To date, however, no randomized, controlled study has compared the use of TwHF and AZA for the prevention of postoperative clinical and endoscopic recurrence in patients with CD. Thus, to assess the efficacy and safety of postoperative prophylaxis in CD patients, a randomized, controlled, open-label study was designed comparing TwHF to AZA for the prevention of postoperative clinical and endoscopic recurrence in patients with CD.

2. Materials and methods

2.1. Study design

We conducted a 52-week, randomized, controlled, open-label study at the Inflammatory Bowel Disease Center of Jinling Hospital during the period of November 2009 to October 2012 (Clinical trial registration number NCT01015391 ). The study was approved by the Ethics Committee of the Jinling Hospital, Medical School of Nanjing University. Written informed consent was obtained from all patients following the regulatory authority and ethics committee approvals.

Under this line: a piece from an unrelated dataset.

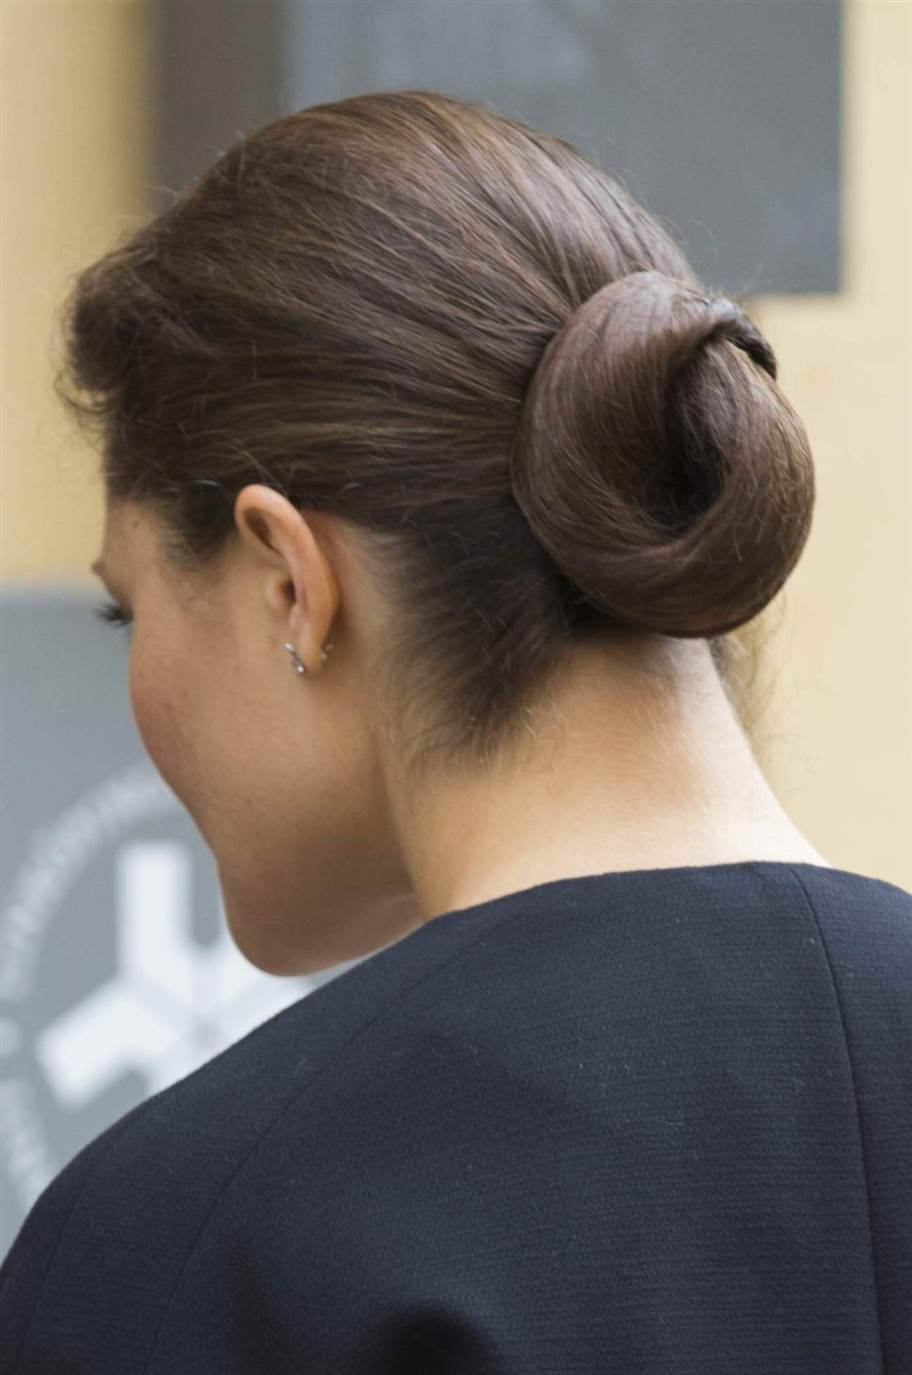 Le séminaire a été organisé par l'Université de Linköping, la princesse a débuté par une visite au Musée Arbetets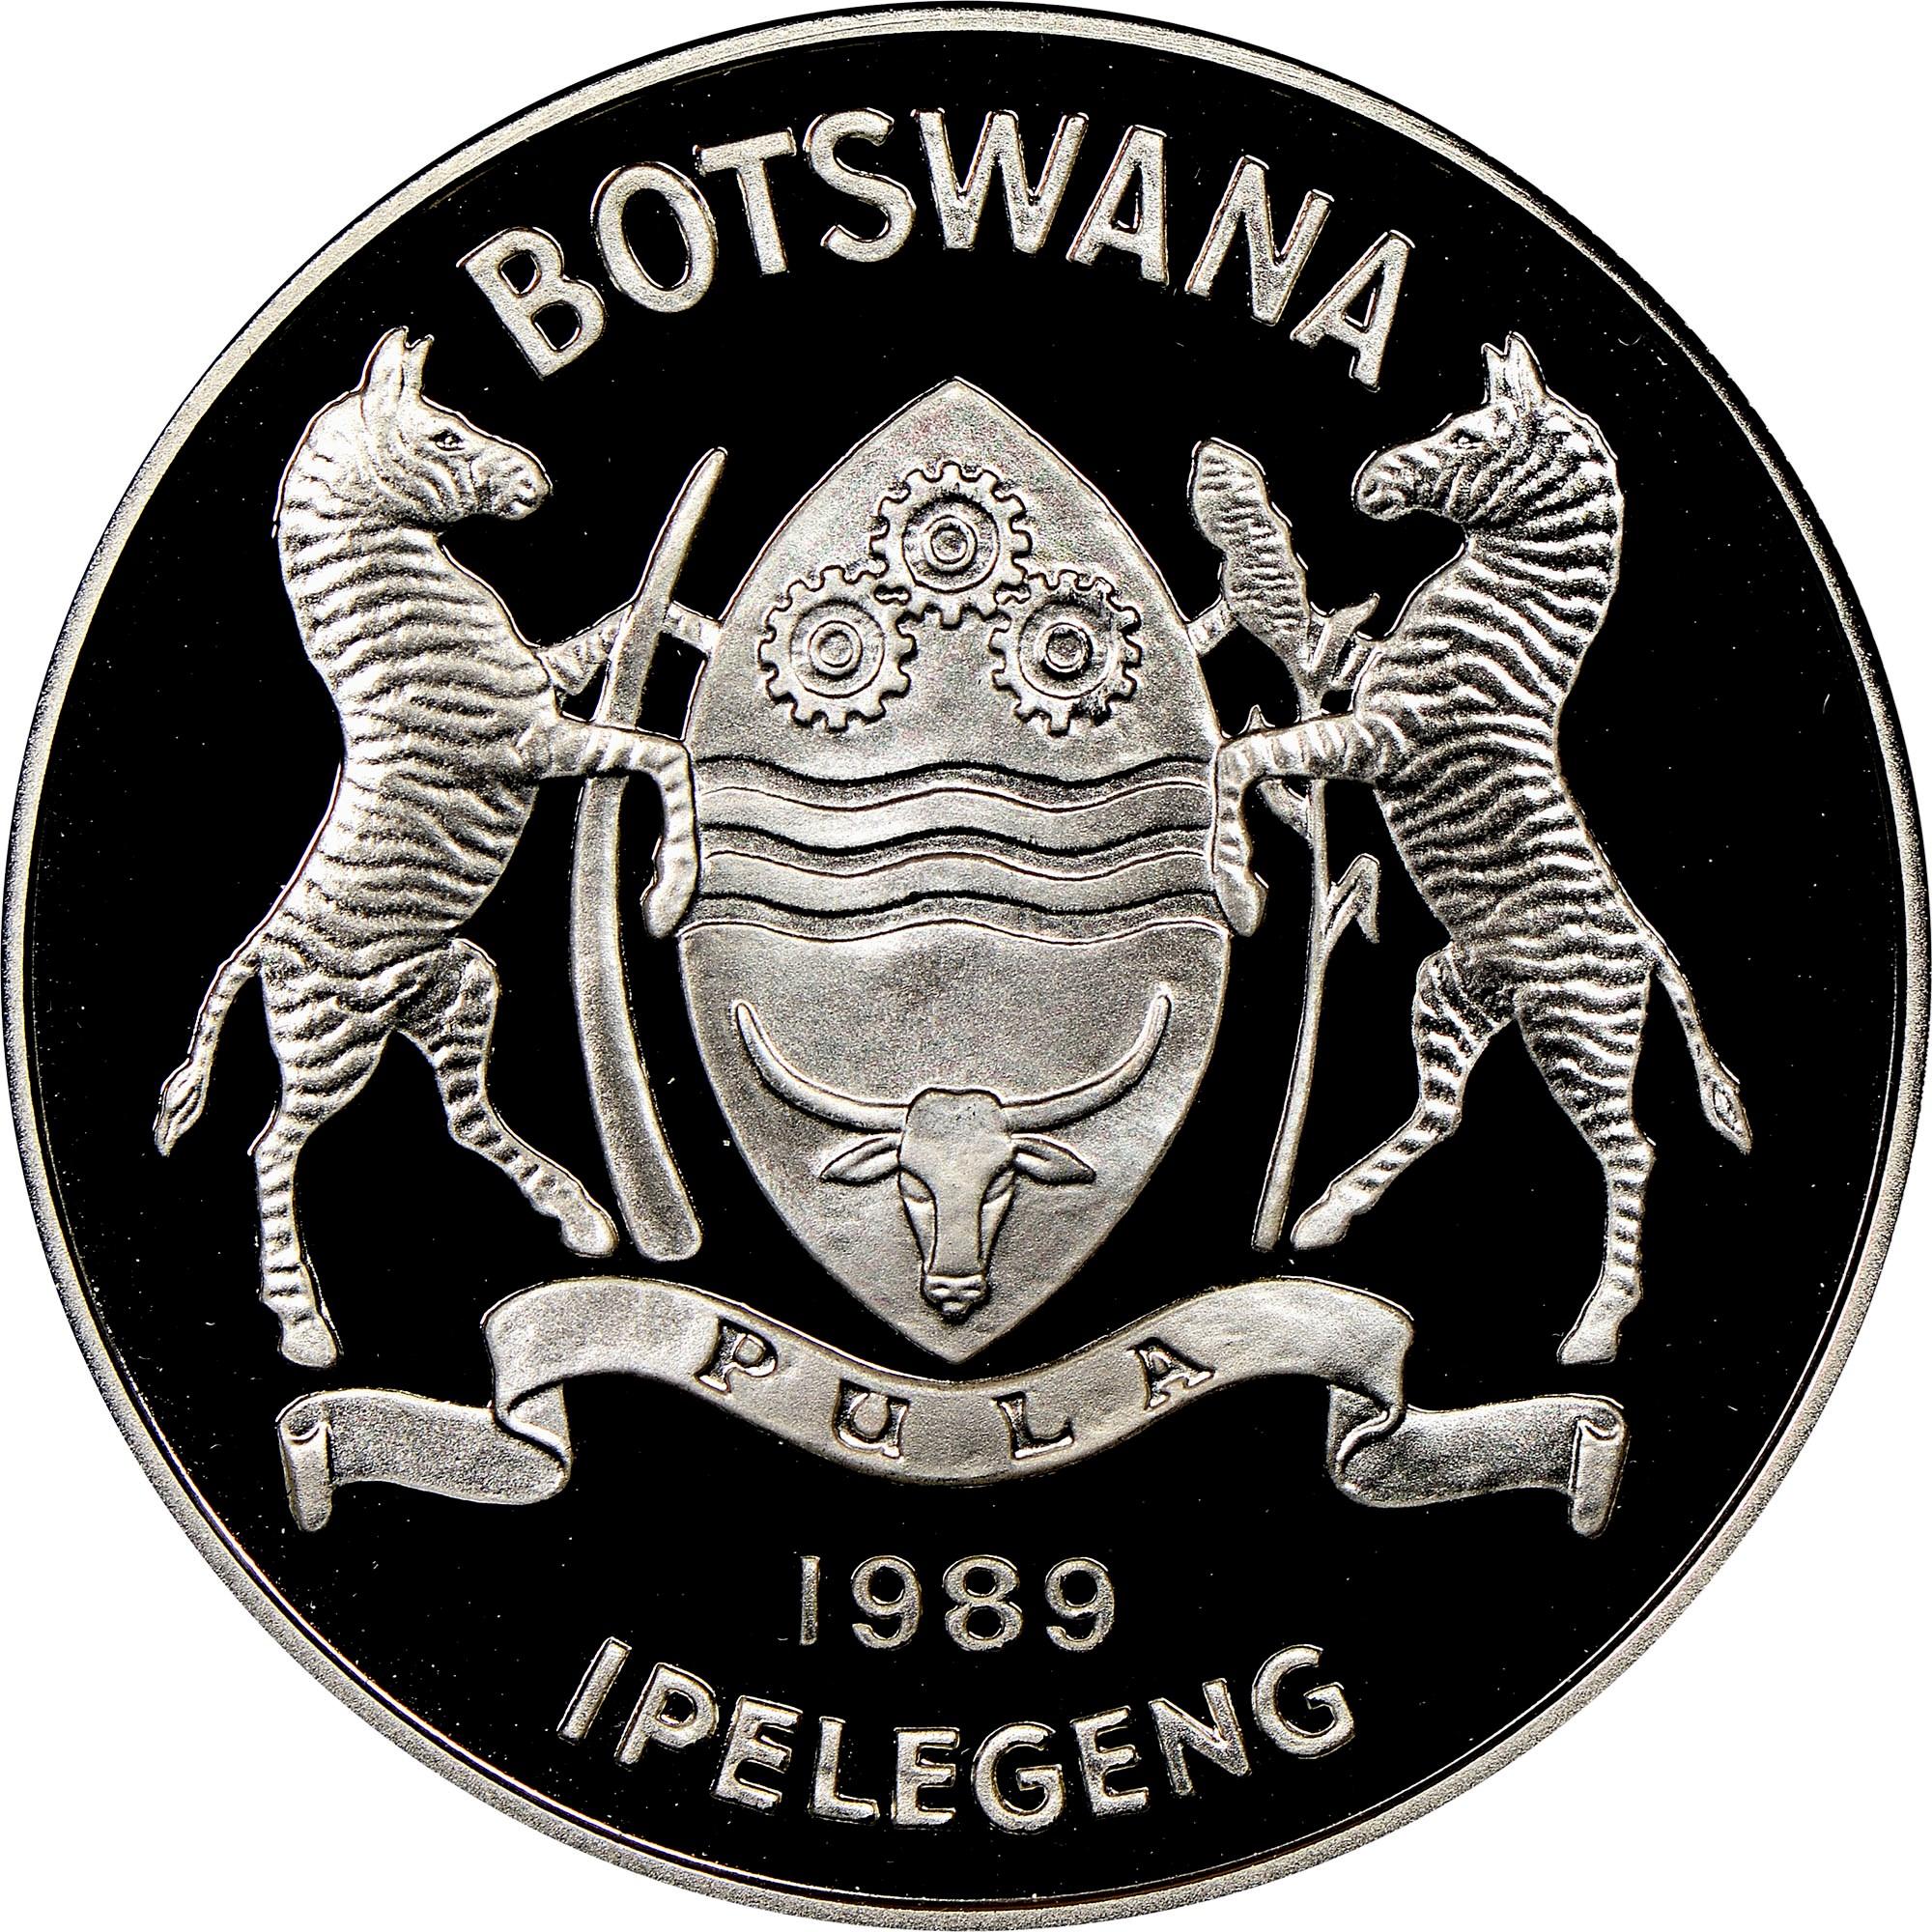 Botswana 2 Pula obverse

2.2. Patient selection criteria

Between November 2009 and October 2012, eligible patients with ileal or ileocolic CD undergoing macroscopic disease resection with anastomoses, which were side-to-side and stapled, were recruited for this study. Prior to formation of the anastomoses, it was confirmed that there was no evidence of apparent mucosal lesion.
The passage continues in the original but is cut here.